FOXO3 May Function To Help Regulate Neighboring Genes
In a case-control genetic study of 110 single nucleotide polymorphisms (SNPs) in FOXO3 and 5 kb of its flanking DNA, they found 41 SNPs that were associated with longevity, defined as living to 95 years of age or older. The subjects for the study were American men of Japanese ancestry living on Oahu, the most populated island of Hawaii. Amongst the SNPs, they found that the nucleotide changes in 13 disrupted binding sites for 18 transcription factors.
By modeling with the use of the WashU Genome Browser they found that these SNPs were connected to the FOXO3 promoter via RNA II polymerase binding and likely formed a longevity-associated haplotype or cis-regulatory unit. They confirmed that these SNPs are functional by semi-quantitative PCR of FOXO3 mRNA in genotypically different lymphoblastoid cell lines. They also showed that two of the genes, HACE1 and AMD1, which are furthest from FOXO3, are also activated by stress. But they are yet to test the response of all of the other genes. Measurements in their FISH experiments further showed that neighboring genes coalesced together around FOXO3 following stress and that the movement of the FOXO3 longevity haplotype was greater than the movement of the common haplotype in lymphoblastoid cell lines. These findings are interesting in that genotype-phenotype correlations common in the study of complex traits often focus on single protein-coding genes but ignore gene neighborhoods.
Recently, Boyle and co-workers at Stanford proposed an “omnigenic” model, which suggests that complex polygenic traits are caused by minuscule contributions from a vast number of sufficiently interconnected peripheral DNA variants that affect core disease-related genes in relevant tissues. Brian Morris, the author for correspondence on the FOXO3 article, has suggested that physical interactions between genes themselves might be an additional contributory factor in the omnigenic model. Whether gene-gene interactions might help explain some of the missing heritability inherent in complex polygenic traits generally will require further research.
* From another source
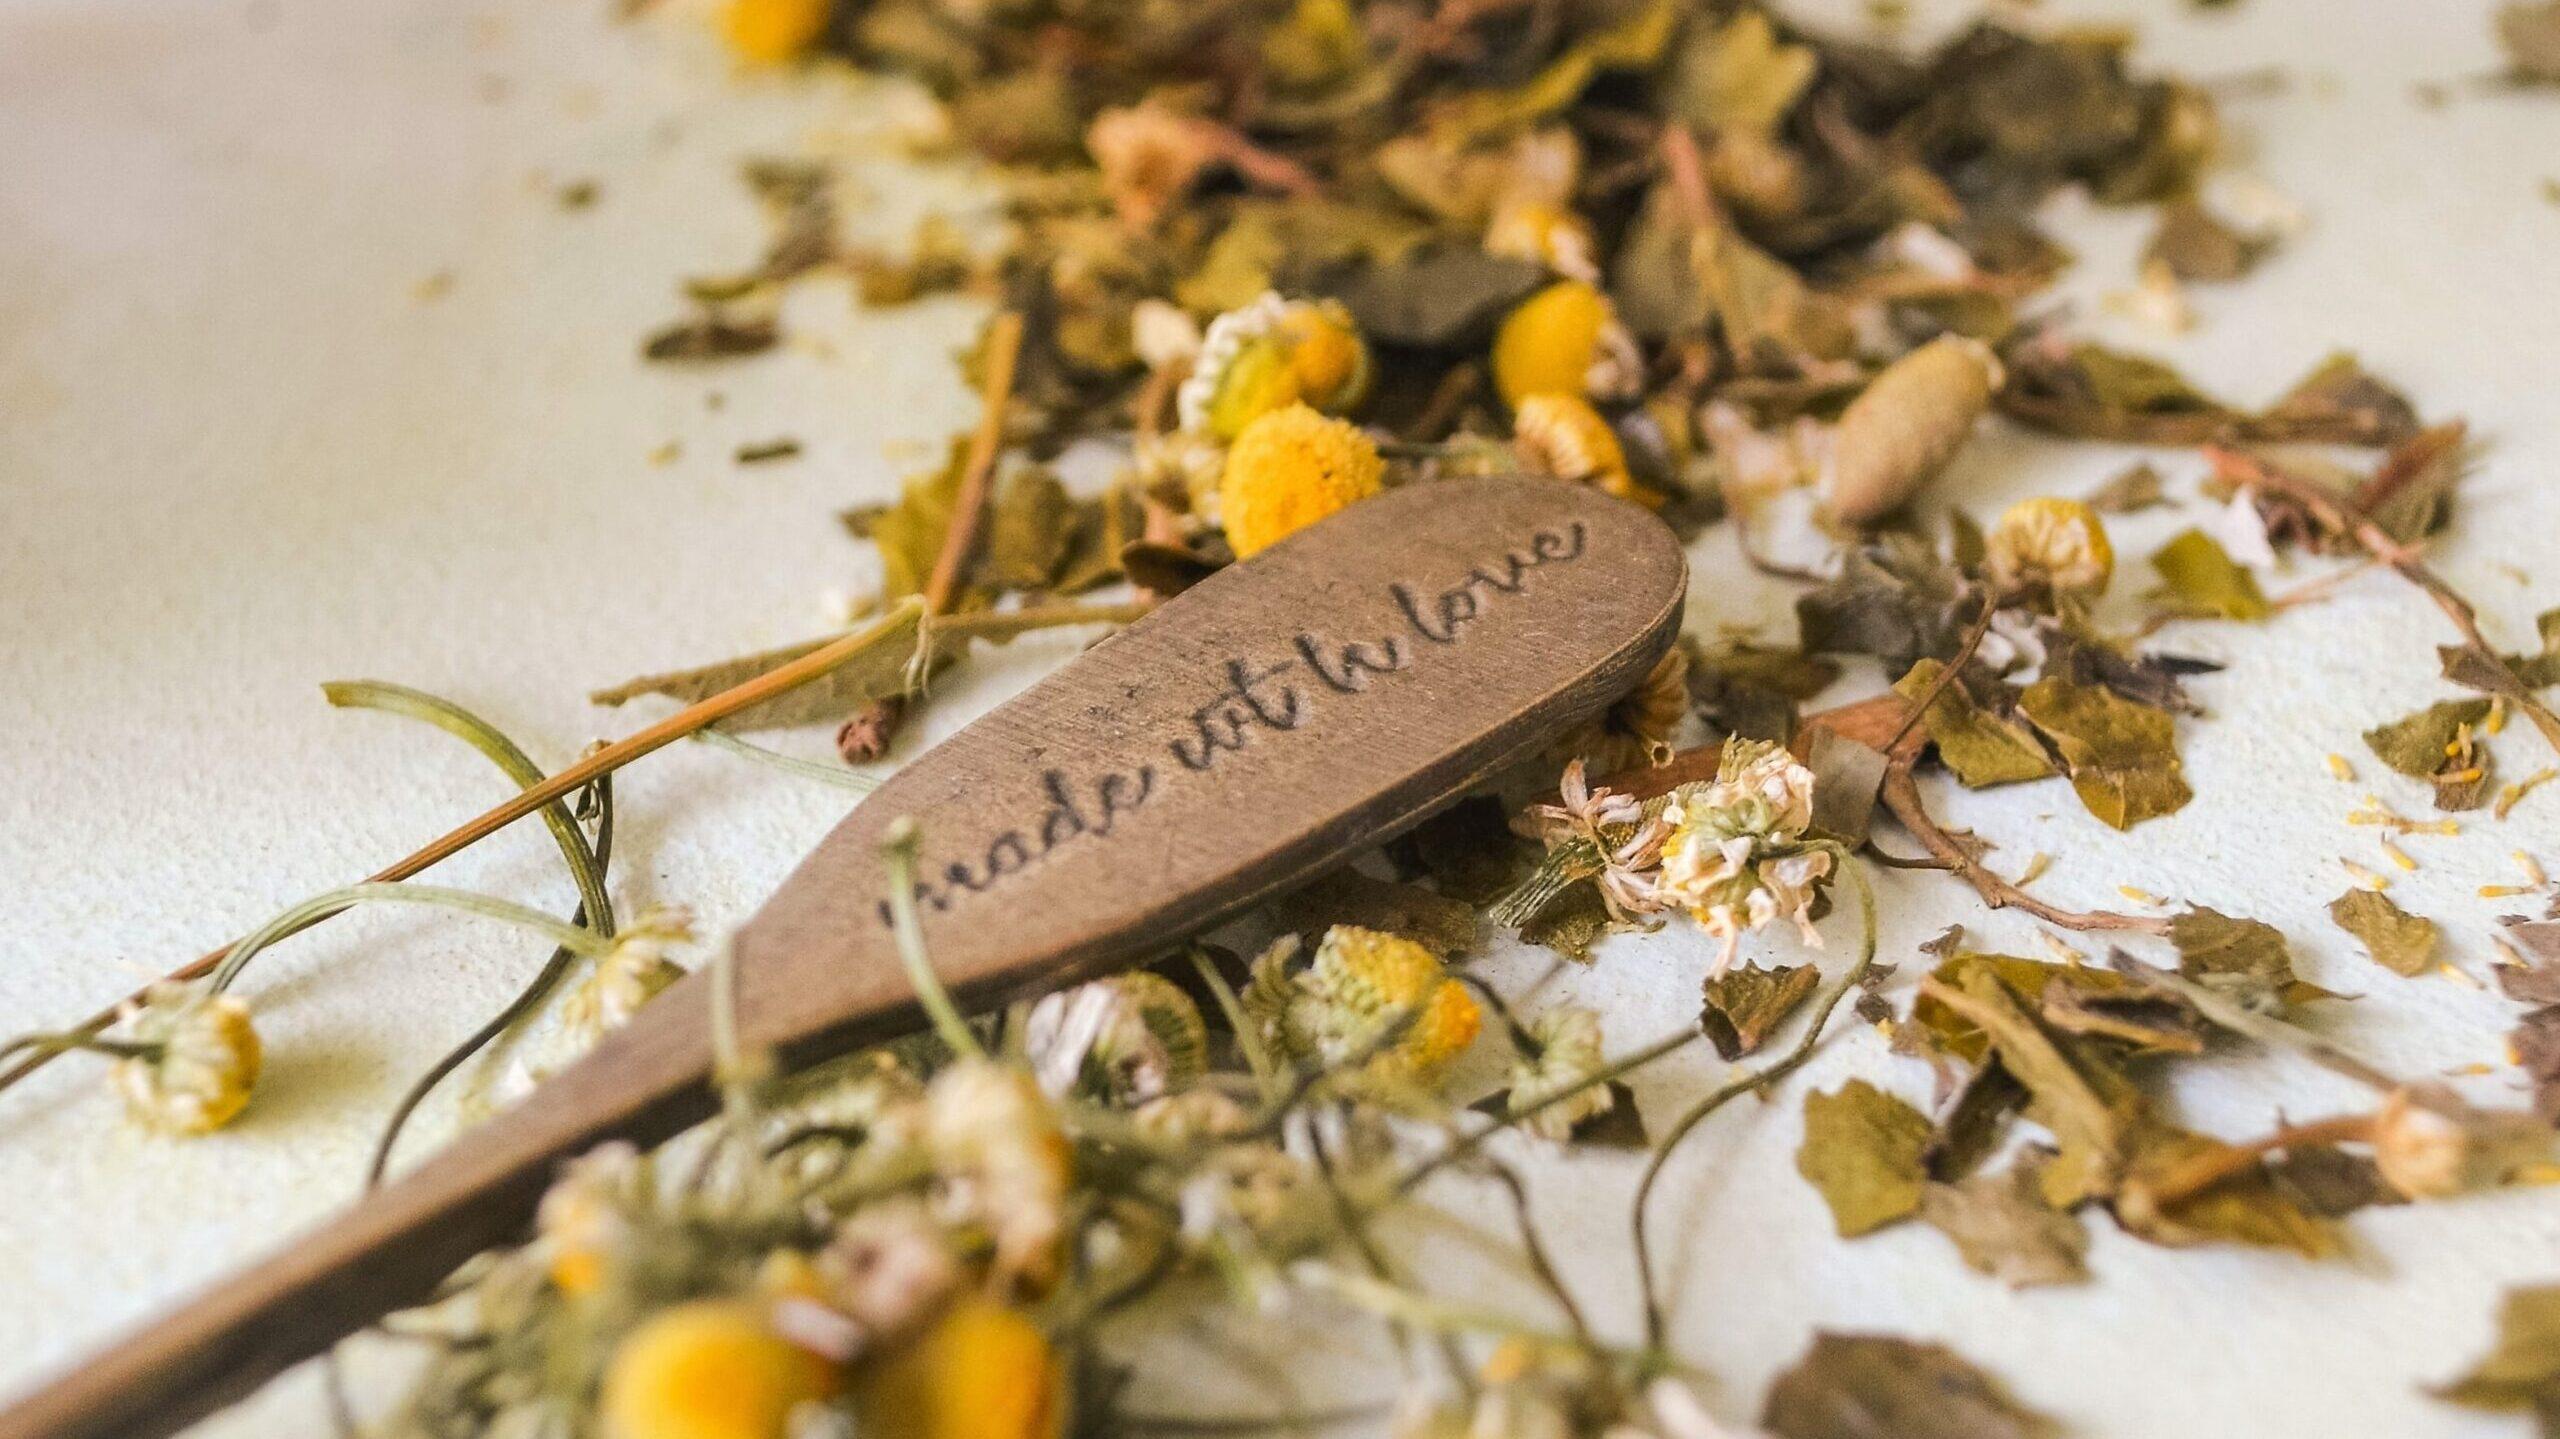 Té de manzanilla, el remedio natural para muchos malestares

It may be that modulation of FOXO3 activity could have an amplifier effect on genes in its neighborhood, so adding to the effects that its own gene product, FoxO3, has on expression of specific genes across the genome.
The new FOXO3 findings will hopefully inspire others to try to discover additional longevity gene neighborhoods elsewhere and to see whether these also show similar kinds of gene-gene interactions.
These novel findings provide considerable food for thought in unraveling the intricate mechanisms responsible for longevity and other complex polygenic conditions.
- Donlon TA, Morris BJ, Chen R, Masaki KH, Allsopp RC, Willcox DC, Elliott A Willcox BJ. FOXO3 longevity interactome on chromosome 6. Aging Cell 2017;16:1016-1025. PMID: 28722347 PMCID: PMC5595686 DOI: 10.1111/acel.12625
- Boyle EA, Li YI Pritchard JK. An expanded view of complex traits: From polygenic to omnigenic. Cell 2017;169:1177-1186. PMID: 28622505 PMCID: PMC5536862 [Available on 2018-06-15] DOI: 10.1016/j.cell.2017.05.038
- Morris BJ. Blood pressure genome-wide association studies, missing heritability, and omnigenics. Circ Cardiovasc Genet 2017;10: pii: e001943. PMID: 29030405 doi: 10.1161/CIRCGENETICS.117.001943
This study, FOXO3 longevity interactome on chromosome 6, was recently published by Timothy A. Donlon, Brian J. Morris, Randi Chen, Bradley J. Willcox and co-workers in the journal Aging Cell (see first Reference above).